◆ Items listed in a dataset:
****************

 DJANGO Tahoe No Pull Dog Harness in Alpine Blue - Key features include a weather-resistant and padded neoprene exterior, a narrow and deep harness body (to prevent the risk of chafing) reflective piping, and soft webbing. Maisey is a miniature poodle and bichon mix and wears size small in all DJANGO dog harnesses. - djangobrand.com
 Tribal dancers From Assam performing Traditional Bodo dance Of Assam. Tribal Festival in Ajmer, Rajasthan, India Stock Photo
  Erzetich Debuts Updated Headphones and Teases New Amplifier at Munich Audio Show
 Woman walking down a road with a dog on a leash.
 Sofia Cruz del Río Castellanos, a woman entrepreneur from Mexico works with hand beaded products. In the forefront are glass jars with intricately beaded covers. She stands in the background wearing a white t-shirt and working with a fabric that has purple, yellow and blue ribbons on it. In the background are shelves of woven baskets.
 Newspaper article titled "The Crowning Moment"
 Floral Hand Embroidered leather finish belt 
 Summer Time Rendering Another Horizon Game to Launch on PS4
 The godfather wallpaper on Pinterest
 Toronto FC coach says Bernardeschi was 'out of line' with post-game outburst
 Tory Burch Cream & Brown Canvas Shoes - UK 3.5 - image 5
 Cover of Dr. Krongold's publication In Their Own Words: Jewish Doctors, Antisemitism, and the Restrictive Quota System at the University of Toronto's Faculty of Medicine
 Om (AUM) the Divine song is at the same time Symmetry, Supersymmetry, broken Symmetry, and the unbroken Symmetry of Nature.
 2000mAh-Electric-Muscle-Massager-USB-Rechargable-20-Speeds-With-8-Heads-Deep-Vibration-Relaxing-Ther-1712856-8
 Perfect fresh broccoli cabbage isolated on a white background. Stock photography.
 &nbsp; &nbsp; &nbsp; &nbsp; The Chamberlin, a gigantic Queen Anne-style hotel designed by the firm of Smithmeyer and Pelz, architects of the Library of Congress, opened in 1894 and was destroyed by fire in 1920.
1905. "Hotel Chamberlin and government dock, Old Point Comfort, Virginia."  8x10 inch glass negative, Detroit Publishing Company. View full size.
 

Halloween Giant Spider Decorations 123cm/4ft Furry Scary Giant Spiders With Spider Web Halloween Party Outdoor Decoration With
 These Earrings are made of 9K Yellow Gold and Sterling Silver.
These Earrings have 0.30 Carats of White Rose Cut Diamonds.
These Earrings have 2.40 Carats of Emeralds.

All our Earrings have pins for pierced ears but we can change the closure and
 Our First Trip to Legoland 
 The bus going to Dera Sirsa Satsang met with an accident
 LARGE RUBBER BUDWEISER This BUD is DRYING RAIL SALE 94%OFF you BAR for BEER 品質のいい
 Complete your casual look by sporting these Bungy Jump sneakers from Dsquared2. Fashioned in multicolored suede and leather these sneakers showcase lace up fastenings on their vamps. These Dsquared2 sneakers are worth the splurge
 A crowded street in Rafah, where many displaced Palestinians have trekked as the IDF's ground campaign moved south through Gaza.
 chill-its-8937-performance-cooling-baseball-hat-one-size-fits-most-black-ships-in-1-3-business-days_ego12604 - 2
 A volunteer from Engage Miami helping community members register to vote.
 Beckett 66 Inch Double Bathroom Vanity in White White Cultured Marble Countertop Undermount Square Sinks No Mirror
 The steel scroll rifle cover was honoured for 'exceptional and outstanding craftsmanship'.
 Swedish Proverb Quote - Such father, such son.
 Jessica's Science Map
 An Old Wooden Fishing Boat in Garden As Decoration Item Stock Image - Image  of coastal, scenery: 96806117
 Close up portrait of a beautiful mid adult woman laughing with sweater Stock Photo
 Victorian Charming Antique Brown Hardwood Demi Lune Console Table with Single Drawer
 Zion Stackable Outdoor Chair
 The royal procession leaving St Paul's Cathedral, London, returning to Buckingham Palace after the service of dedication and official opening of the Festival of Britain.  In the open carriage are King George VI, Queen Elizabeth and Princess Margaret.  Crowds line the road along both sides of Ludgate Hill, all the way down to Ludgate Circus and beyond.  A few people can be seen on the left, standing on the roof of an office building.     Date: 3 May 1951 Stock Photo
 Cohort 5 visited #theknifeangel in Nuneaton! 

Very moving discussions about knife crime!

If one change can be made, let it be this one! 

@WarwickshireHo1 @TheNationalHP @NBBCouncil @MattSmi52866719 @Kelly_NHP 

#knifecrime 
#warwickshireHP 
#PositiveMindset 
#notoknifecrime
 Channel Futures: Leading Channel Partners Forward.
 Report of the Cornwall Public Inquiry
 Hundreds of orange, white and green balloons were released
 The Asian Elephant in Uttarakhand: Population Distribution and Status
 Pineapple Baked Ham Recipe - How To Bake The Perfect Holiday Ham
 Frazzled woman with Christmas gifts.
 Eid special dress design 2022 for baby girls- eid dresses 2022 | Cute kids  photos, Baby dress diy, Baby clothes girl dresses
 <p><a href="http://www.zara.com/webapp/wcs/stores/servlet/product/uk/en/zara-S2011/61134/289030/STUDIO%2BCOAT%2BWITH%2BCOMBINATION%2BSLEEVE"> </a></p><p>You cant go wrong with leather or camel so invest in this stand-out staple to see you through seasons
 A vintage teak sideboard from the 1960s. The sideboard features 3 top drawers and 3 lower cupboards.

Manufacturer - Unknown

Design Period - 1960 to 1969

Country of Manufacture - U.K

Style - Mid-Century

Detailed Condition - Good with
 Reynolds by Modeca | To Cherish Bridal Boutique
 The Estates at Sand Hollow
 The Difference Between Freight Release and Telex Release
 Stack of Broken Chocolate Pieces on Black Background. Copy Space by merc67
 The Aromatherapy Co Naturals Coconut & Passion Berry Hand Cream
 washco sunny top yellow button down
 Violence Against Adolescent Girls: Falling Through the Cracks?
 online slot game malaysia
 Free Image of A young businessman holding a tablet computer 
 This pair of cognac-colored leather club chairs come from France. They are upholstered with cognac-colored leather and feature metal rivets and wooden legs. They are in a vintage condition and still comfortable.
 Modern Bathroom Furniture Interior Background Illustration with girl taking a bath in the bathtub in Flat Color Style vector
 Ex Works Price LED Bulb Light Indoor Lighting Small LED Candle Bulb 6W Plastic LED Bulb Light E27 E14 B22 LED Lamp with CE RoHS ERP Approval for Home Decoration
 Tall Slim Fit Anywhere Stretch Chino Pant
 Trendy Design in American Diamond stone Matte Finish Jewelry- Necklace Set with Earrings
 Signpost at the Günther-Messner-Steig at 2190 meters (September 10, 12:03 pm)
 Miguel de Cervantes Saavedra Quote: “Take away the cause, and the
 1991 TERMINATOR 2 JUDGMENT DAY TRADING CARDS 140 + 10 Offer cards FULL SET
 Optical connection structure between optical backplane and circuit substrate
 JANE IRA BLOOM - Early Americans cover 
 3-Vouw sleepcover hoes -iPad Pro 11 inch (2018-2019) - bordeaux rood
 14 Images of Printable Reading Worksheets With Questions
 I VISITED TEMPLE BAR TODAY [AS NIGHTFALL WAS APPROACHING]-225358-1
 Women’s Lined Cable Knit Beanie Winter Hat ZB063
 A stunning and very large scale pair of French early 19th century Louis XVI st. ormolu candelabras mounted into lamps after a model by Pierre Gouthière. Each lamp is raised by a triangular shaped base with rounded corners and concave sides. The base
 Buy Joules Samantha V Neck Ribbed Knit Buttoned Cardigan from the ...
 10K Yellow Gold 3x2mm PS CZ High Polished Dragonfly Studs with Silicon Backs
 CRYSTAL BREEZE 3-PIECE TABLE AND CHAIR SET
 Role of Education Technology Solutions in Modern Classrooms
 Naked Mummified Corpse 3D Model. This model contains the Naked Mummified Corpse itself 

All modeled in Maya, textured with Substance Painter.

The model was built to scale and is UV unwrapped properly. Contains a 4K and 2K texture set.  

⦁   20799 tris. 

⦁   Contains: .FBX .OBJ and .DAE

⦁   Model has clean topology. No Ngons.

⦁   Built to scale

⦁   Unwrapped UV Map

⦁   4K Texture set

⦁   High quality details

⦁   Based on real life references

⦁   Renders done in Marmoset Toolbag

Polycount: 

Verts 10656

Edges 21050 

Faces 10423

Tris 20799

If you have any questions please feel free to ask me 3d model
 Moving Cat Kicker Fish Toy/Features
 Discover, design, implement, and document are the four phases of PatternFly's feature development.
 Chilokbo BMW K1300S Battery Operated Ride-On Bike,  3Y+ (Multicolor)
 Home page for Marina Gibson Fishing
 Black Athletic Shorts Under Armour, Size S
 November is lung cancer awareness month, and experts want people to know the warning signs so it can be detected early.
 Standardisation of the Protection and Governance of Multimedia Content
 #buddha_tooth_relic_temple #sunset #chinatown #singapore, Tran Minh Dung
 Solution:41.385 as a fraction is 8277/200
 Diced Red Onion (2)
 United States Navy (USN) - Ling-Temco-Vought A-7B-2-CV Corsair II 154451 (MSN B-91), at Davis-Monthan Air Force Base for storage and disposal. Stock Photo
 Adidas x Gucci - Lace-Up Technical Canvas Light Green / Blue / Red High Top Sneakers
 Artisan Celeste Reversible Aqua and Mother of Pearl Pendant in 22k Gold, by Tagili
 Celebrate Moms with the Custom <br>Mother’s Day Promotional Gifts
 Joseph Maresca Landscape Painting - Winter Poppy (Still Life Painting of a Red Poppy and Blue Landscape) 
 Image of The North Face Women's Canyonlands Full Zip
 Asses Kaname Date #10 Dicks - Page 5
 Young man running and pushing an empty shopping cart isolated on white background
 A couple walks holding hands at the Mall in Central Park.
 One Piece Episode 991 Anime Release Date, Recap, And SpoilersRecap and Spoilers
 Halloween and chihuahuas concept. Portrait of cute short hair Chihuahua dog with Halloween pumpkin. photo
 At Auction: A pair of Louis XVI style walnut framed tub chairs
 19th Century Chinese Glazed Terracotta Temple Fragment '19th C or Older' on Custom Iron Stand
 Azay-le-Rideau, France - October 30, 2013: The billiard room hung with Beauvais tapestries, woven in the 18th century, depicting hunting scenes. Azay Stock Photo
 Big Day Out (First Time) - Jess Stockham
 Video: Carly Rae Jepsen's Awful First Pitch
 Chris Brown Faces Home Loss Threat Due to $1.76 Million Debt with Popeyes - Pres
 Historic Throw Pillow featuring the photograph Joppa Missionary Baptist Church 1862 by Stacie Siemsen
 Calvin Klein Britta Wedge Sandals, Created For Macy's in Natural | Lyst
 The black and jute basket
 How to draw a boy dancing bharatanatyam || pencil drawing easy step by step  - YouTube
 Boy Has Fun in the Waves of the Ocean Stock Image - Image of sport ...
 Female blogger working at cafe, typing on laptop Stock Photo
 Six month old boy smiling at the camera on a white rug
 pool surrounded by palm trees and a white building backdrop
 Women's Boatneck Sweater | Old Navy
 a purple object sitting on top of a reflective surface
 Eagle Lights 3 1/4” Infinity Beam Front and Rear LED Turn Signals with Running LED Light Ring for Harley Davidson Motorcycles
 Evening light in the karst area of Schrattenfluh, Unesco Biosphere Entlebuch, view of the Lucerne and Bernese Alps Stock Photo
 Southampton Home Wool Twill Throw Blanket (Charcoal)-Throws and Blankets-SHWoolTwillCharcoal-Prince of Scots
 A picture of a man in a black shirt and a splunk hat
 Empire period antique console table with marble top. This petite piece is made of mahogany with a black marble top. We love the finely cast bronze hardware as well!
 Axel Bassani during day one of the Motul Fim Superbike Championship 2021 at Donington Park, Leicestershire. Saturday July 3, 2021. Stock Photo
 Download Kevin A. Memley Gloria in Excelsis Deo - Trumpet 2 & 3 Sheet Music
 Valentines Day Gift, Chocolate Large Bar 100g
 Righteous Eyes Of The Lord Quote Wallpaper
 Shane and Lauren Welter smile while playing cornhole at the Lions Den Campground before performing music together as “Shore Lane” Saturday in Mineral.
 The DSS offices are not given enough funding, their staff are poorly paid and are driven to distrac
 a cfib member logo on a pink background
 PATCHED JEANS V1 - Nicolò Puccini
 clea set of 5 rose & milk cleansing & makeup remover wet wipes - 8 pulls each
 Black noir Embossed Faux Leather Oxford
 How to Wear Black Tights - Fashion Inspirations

****************

◆ Problem details: Check each line above for the word "building", then give only the number of lines that have it.

◆ Written response: 2